Story: Wintegra (WNTG) makes "network access processing semiconductors." Huh? If you are going to get on a network (via WiFi, GSM, WiMax, Ethernet, etc.) some chip somewhere is going to have to do some processing to make that happen. These guys make some of those. As such, they have big competitors (Broadcom, Intel, Cisco, etc.), and their products are almost commodities.
But they have the advantage of being fabless, giving them low overhead, and having pretty good product positioning (WiMax, DSL, 3G chips). We'll let the market tell us whether they are winning or losing.

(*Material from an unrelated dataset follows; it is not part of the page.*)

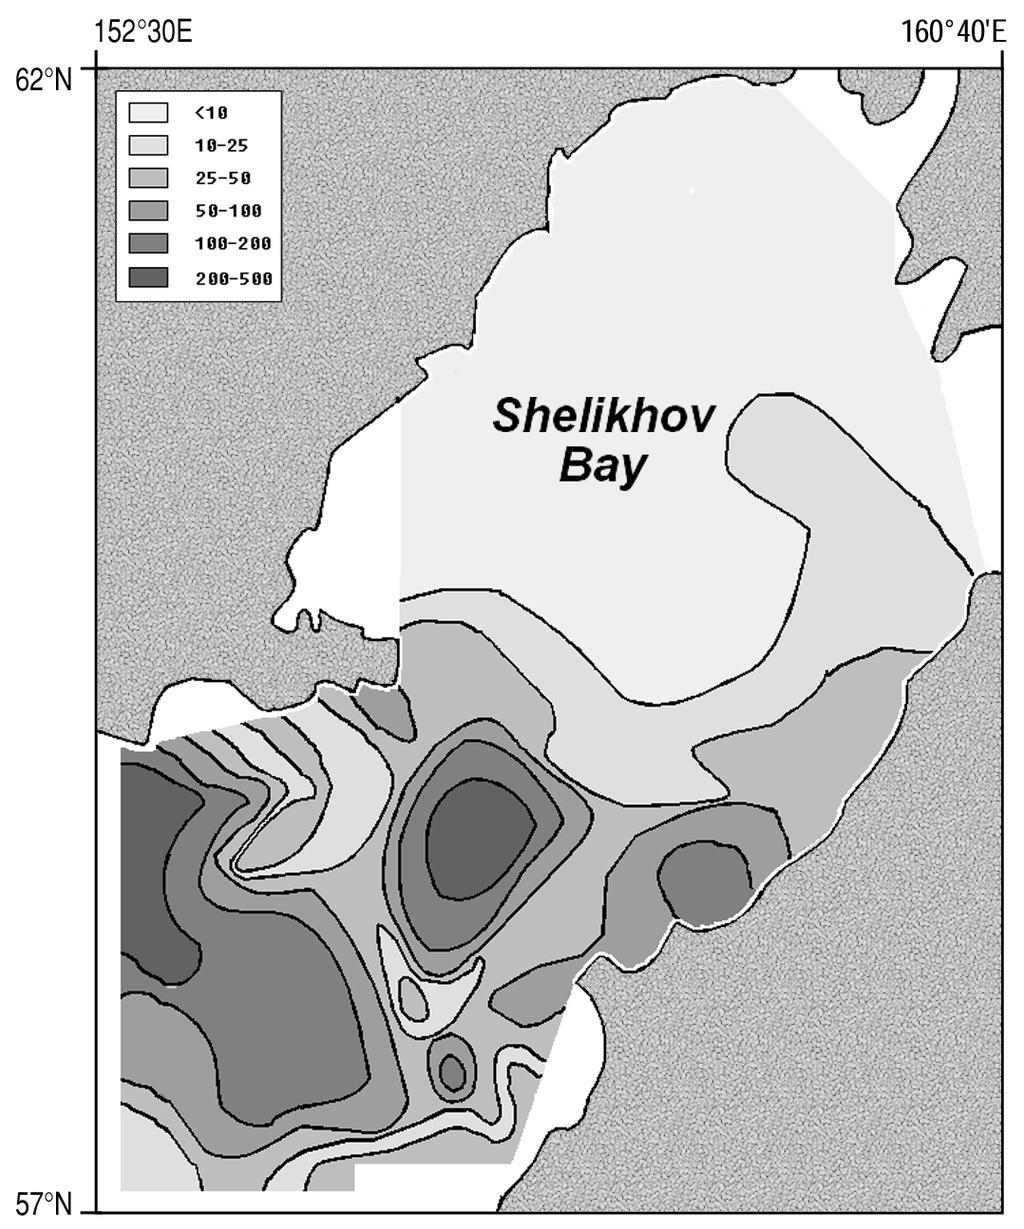 Shelikhov Bay during June 1963 (from Kotlyar 1965). Figure 22.

Company: From their most recent prospectus, it's a 5M share deal, with 3.17M going to the company, so of the ca. $75M deal, they will keep ca. $48M, which as of Q1 2006 is far larger than their total liabilities of $10.2M. So this chunk of change is material for the company, which from 2003-2005 has been growing gross profits at a bit over 100% Y/Y ($7.20M/$3.55M, $15.3M/$7.20M), and has operating expenses that are nearly fixed and below the latest gross revenue ($12.3M, $11.7M, $13.7M 2003-2005). So, they are operating (and net) profitable. Using the latest 2006 Q1 data, gross profits continued to grow Y/Y at over 100% ($5.6M/$2.6M), while operating expenses modestly ramped up by 28% ($4.1M/$3.2M).

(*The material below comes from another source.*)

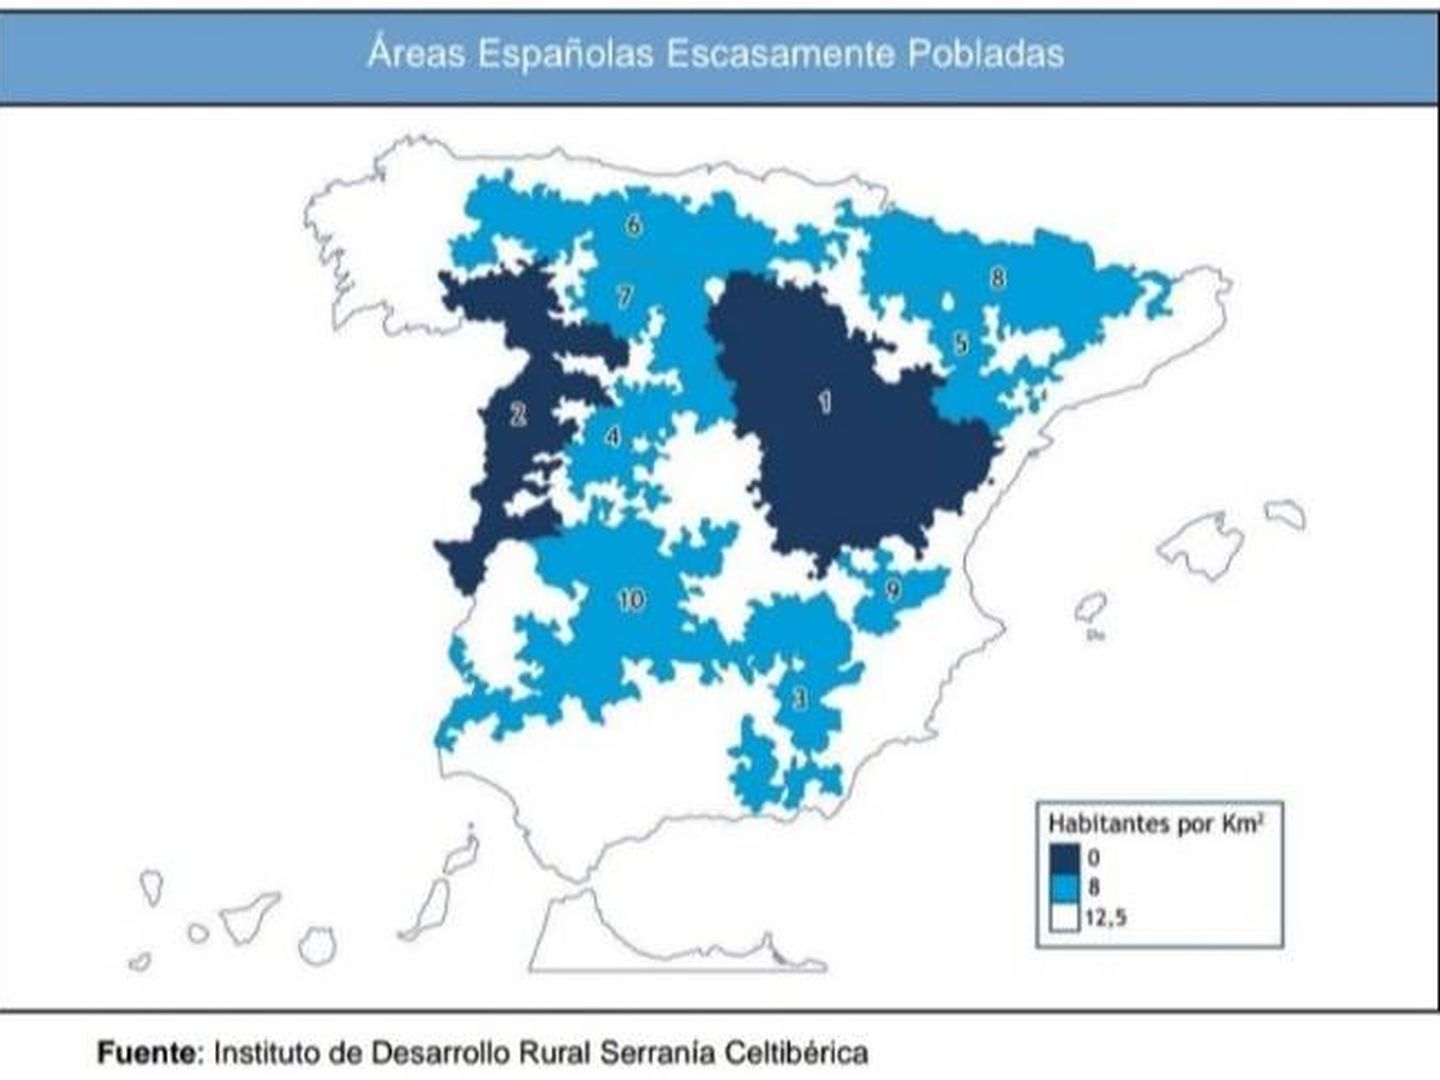 Mapa de despoblación elaborado por Serranía Celtibérica.

In summary, they currently have more cash coming in than they need to spend, and the cash they keep is growing a lot faster than the cash they spend. This is just the kind of model that we like. They are small, but Solid.
Stock: WNTG has not priced yet, but they are shooting for a $14-$16/share target. Annualizing their current quarterly operating income (which given their growth will lowball the estimate) and using the resultant 22.4M outstanding shares gives them a forward projected EPS of $0.27 ($1.521Mx4/22.4M). At the high end of their target price range, that gives them an estimated projected P/E of 60 ($16/$0.27), which is a bit high but not crazy given their growth and my lowball earnings estimate. (Note: 60 is ca. a 3x P/E market multiple, and ca. 75% operating earnings growth (100% gross revenue growth - 28% operating expense growth) is something like 1-5x better than the average competitor - so the target price is not unreasonable). If, on the other hand, we project forward their earnings growth of 100% that gives them a projected EPS of $0.37 ($1.521Mx(1+1.25+1.5+1.75)/22.4M) and a projected P/E of 43.
We'll probably be buying, but as with Himax, there is likely to be no real hurry, and we may wait to see if it dips.